### [Prompt]
This exercise calls for an exact copy of the listing, with no pictures kept.

### [The data]
+++
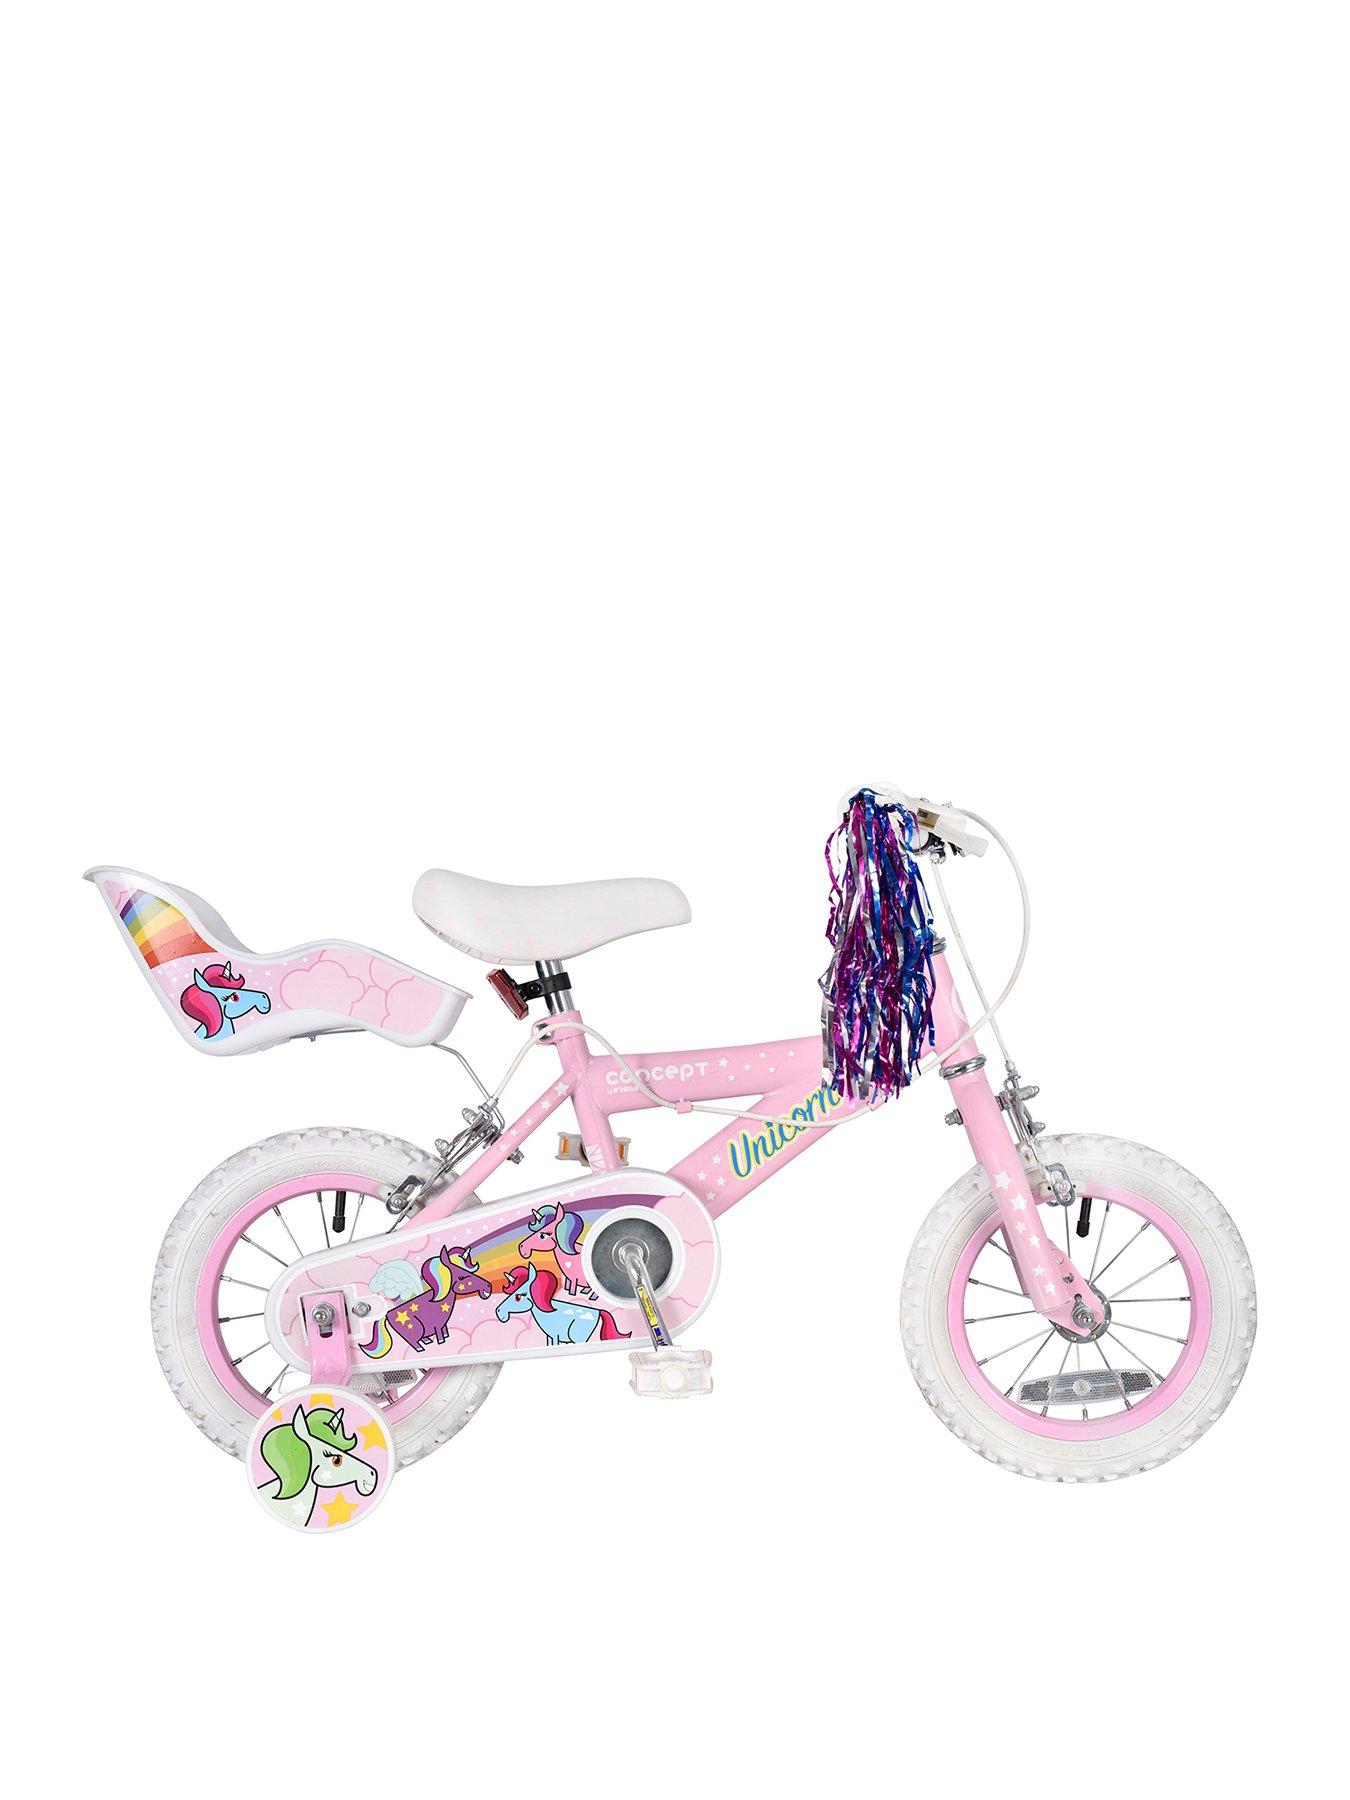 16 inch wheel girls bike
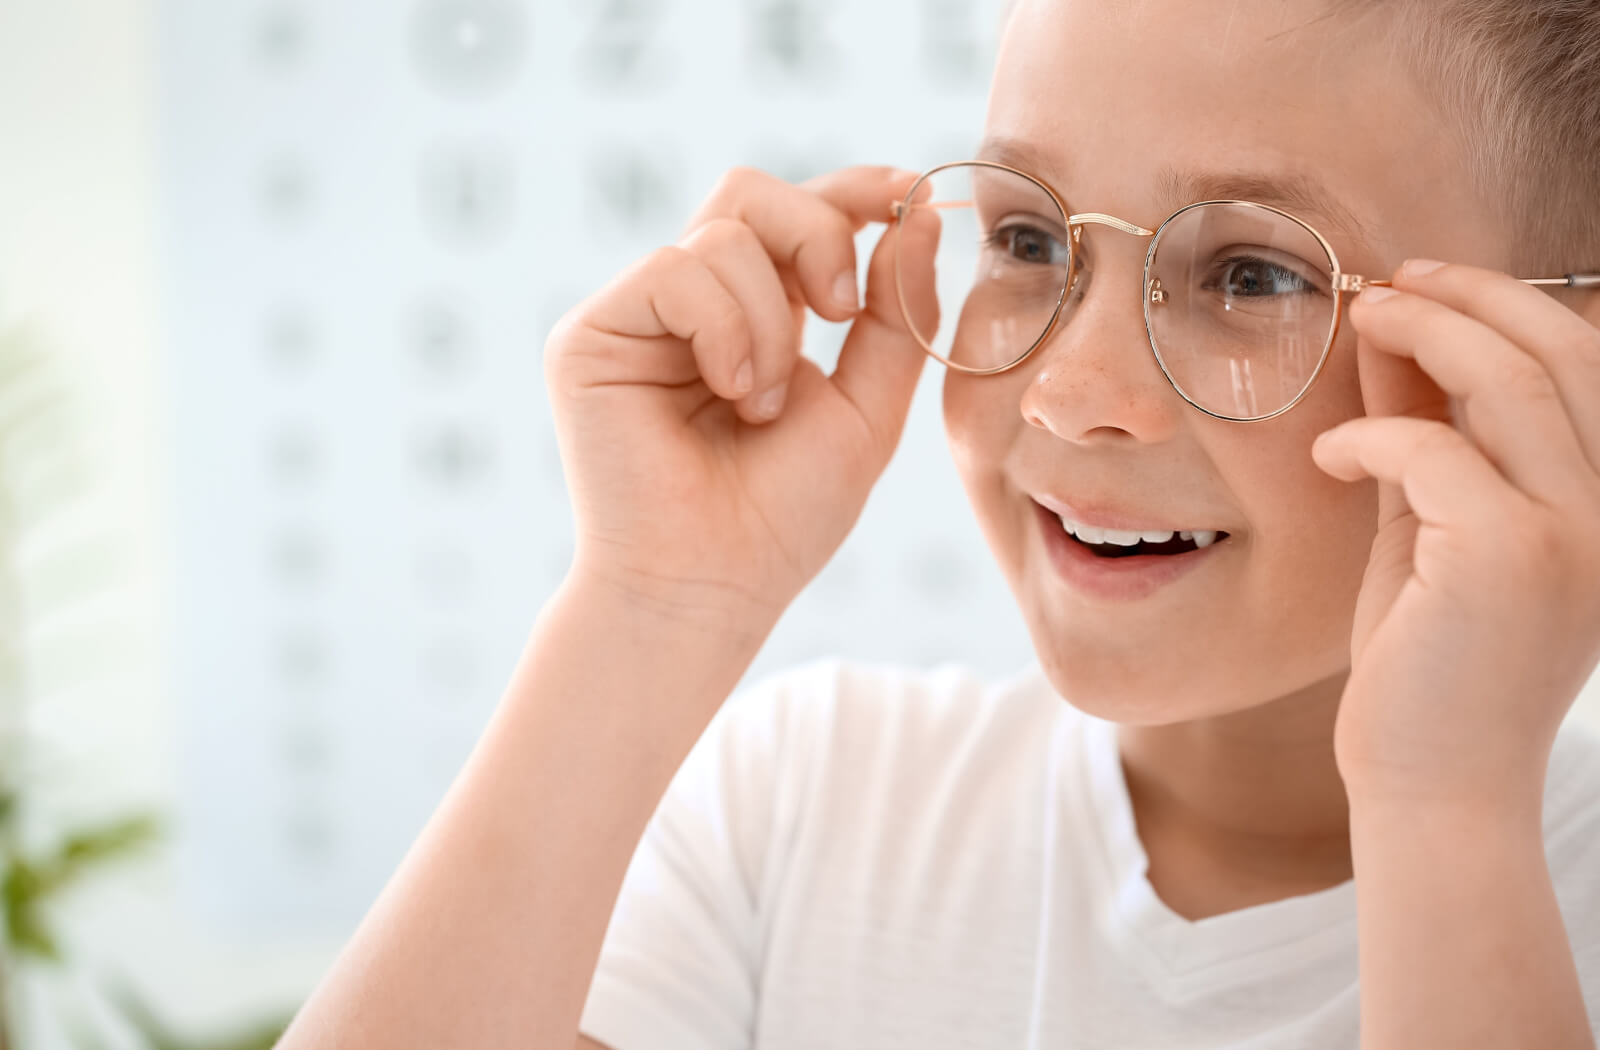 A young boy with myopia gets his corrective eyeglasses.
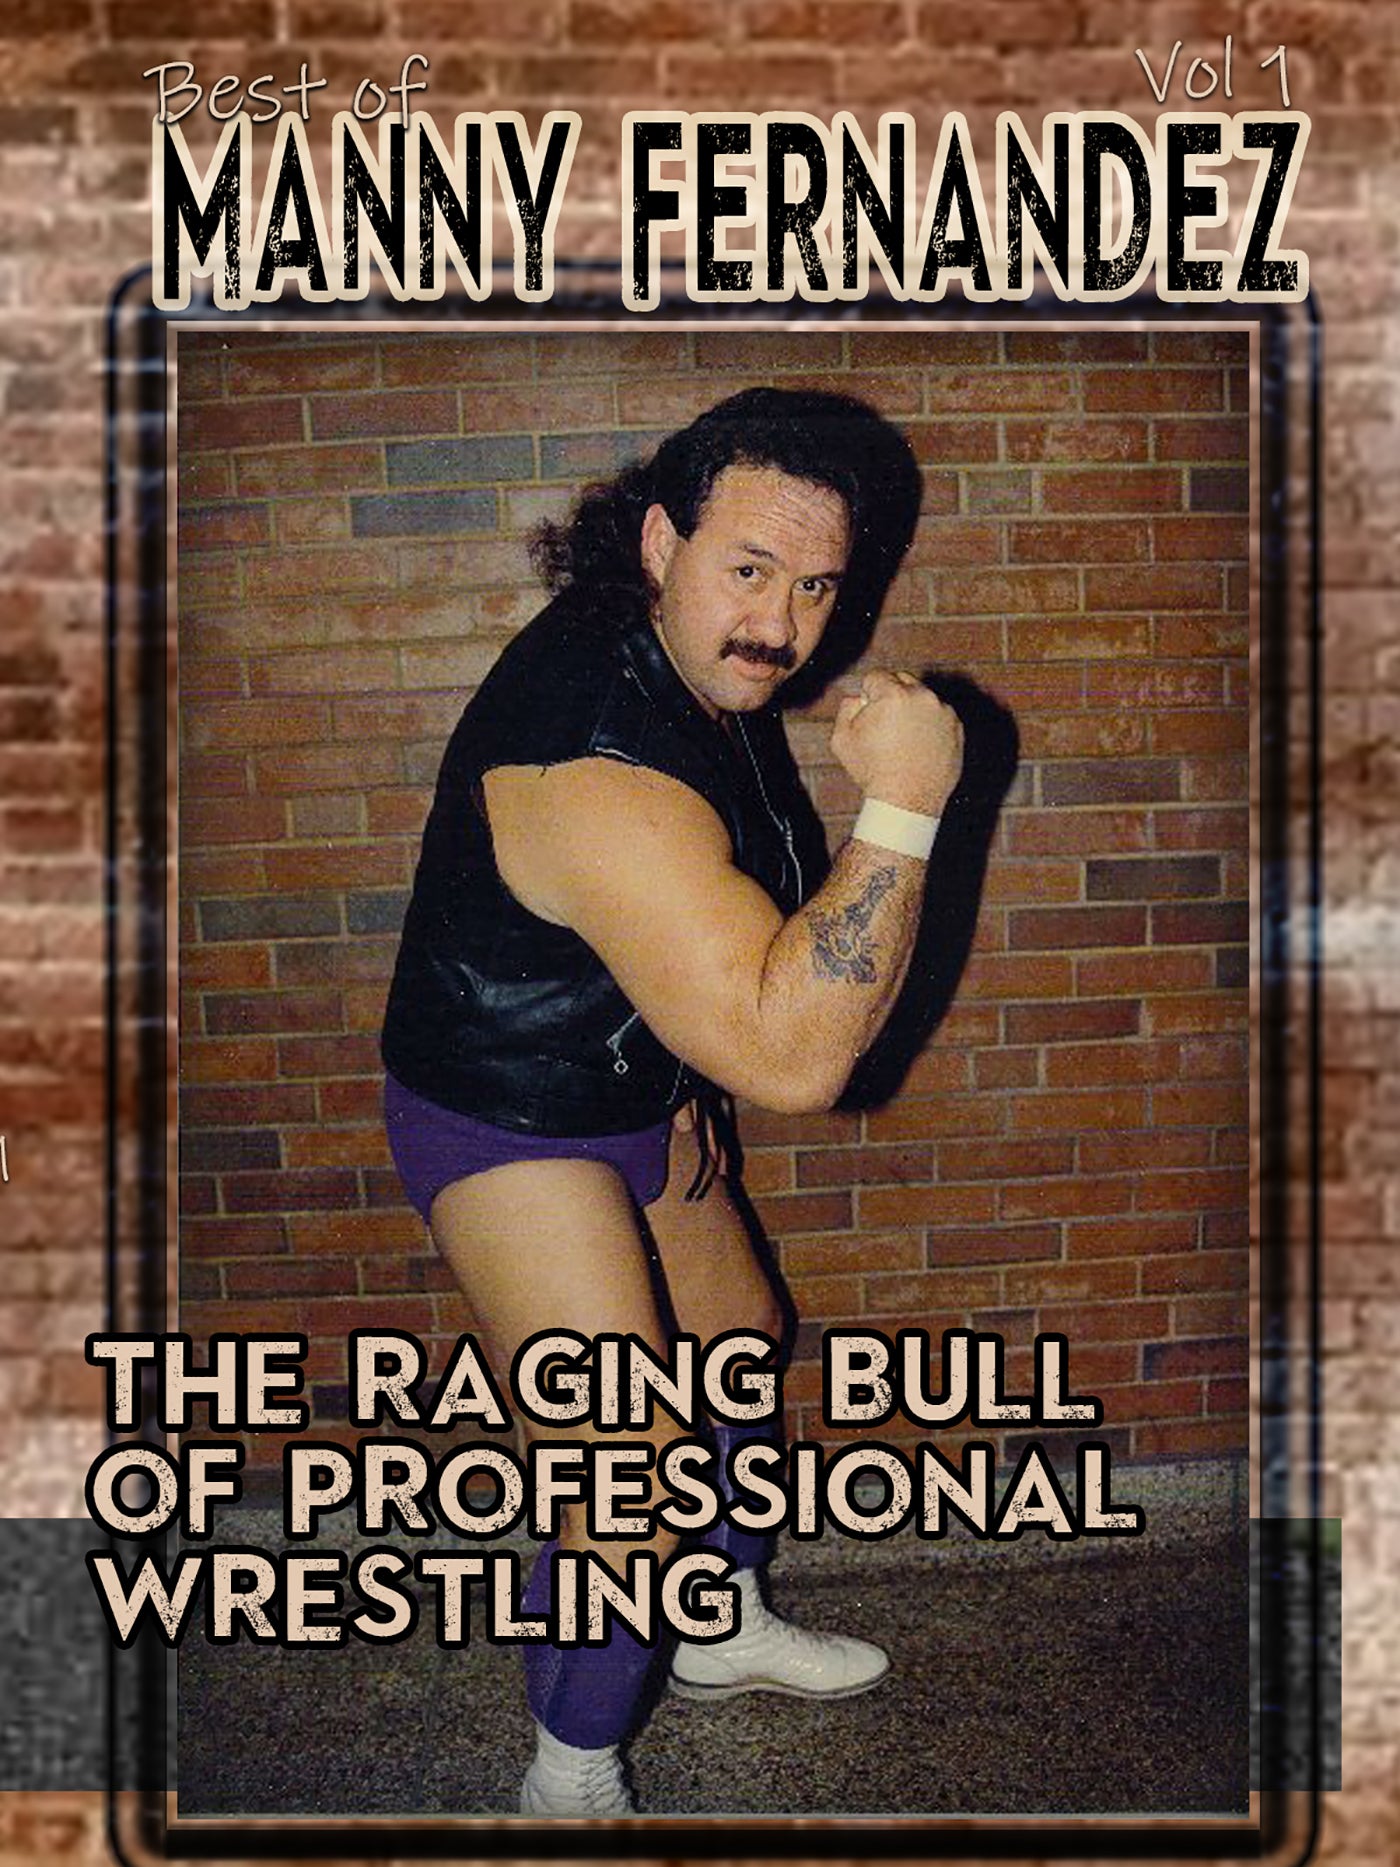 Manny Fernandez - Best Of Manny Fernandez Vol 1 cover art
+++
### [Response to this exercise]
 16 inch wheel girls bike
 A young boy with myopia gets his corrective eyeglasses.
 Manny Fernandez - Best Of Manny Fernandez Vol 1 cover art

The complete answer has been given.